*** INFORMATION SHOWN ***

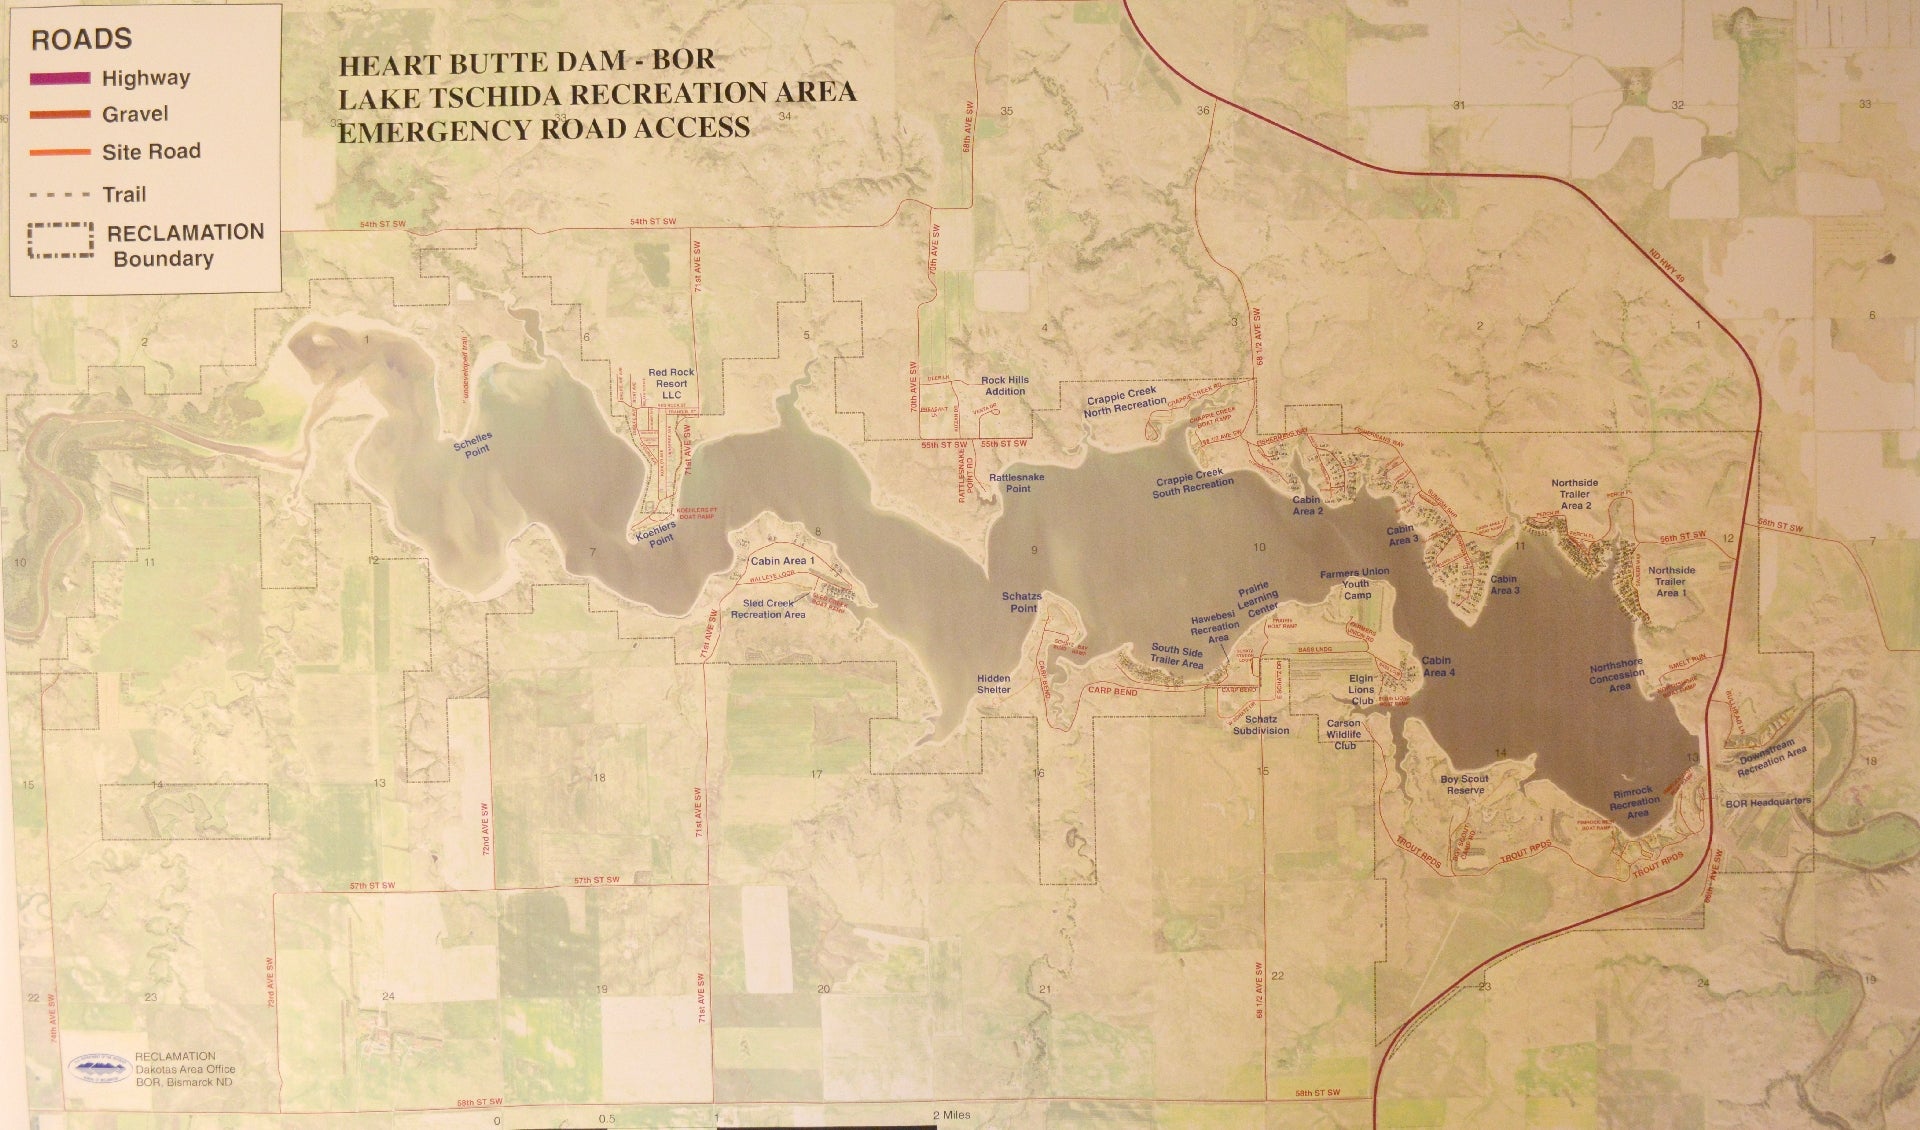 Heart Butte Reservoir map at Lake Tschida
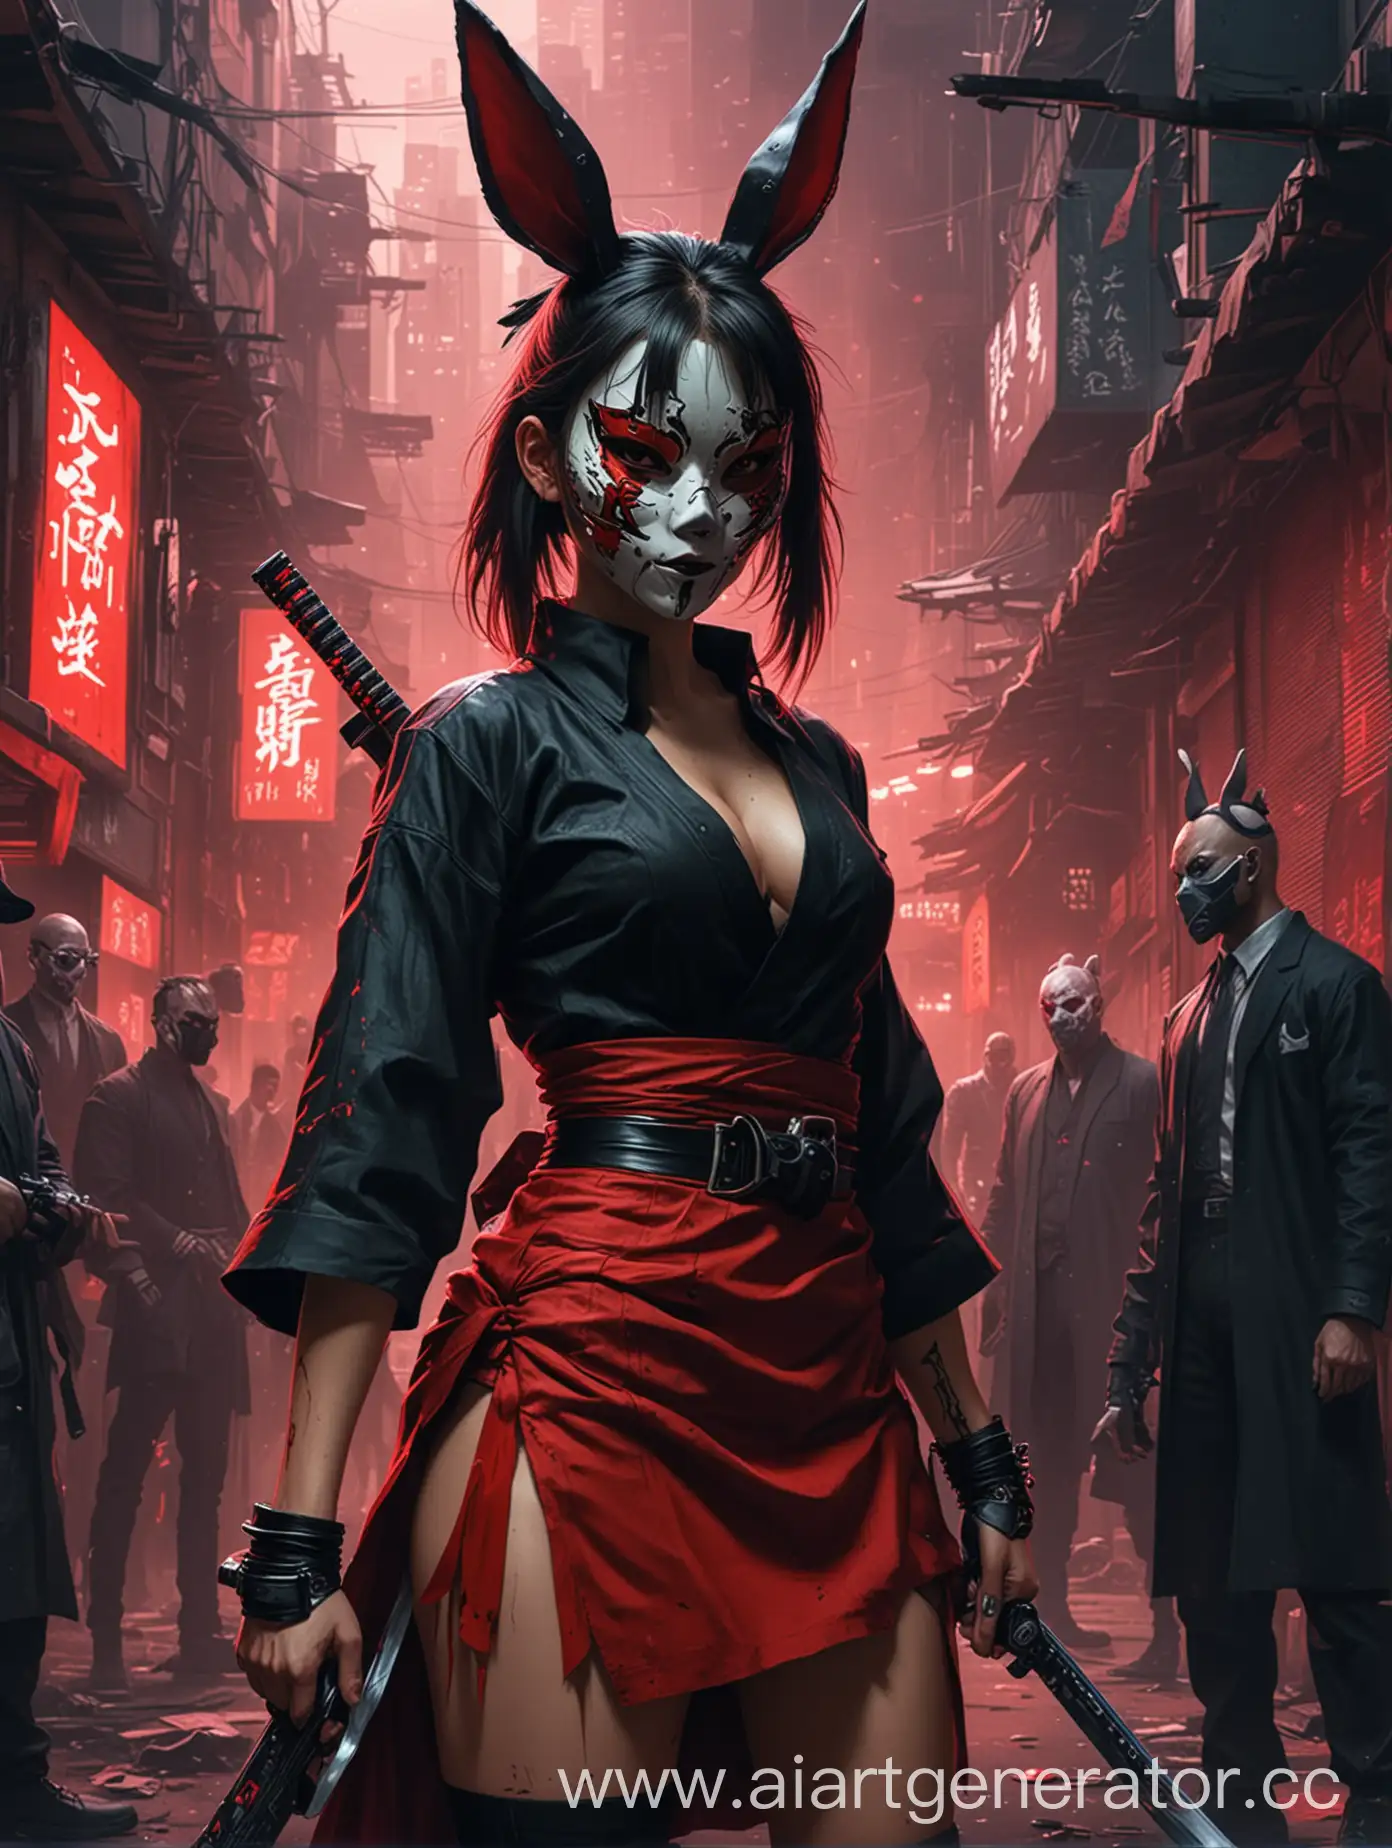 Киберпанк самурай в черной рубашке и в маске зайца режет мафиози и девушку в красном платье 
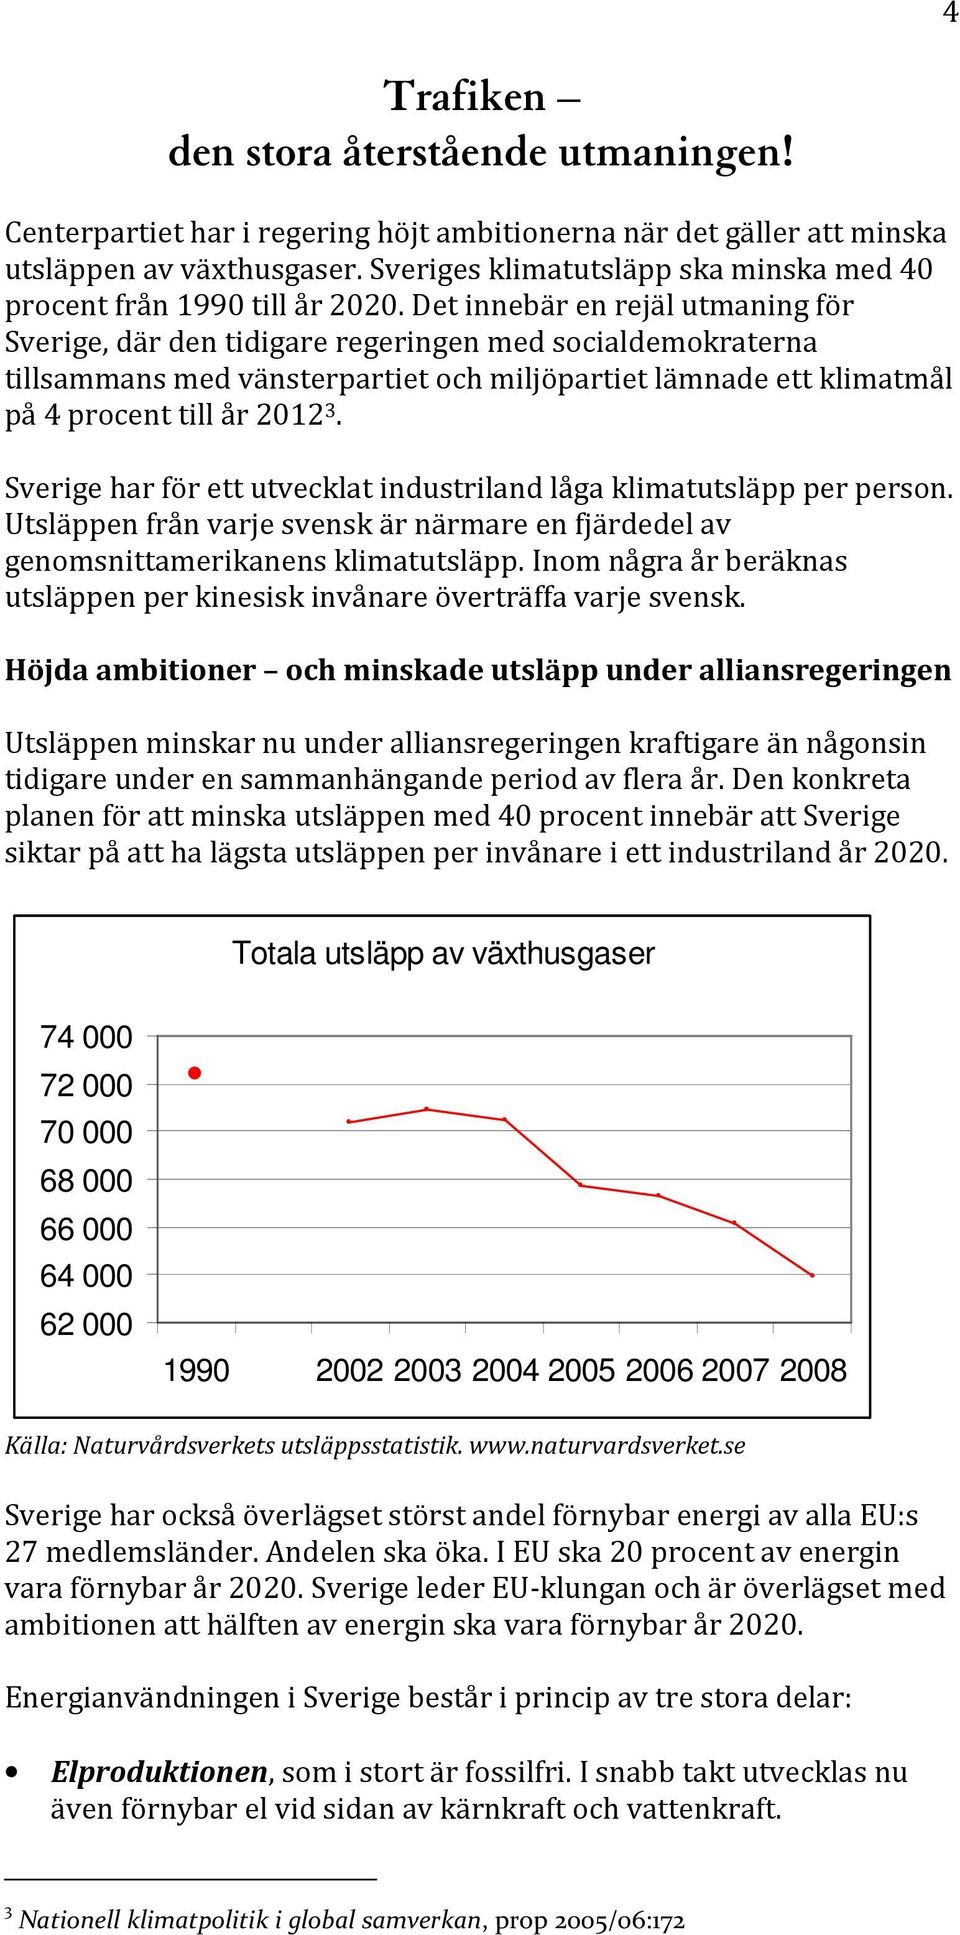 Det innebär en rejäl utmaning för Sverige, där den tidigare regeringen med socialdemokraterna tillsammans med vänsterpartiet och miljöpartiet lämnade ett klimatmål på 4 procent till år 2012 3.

***

INSTRUCTIONS TO FOLLOW: Without the pictures, repeat the listing above exactly.

FINISHED EXERCISE:
 Heart Butte Reservoir map at Lake Tschida
 Киберпанк самурай в черной рубашке и в маске зайца режет мафиози и девушку в красном платье 
 Det innebär en rejäl utmaning för Sverige, där den tidigare regeringen med socialdemokraterna tillsammans med vänsterpartiet och miljöpartiet lämnade ett klimatmål på 4 procent till år 2012 3.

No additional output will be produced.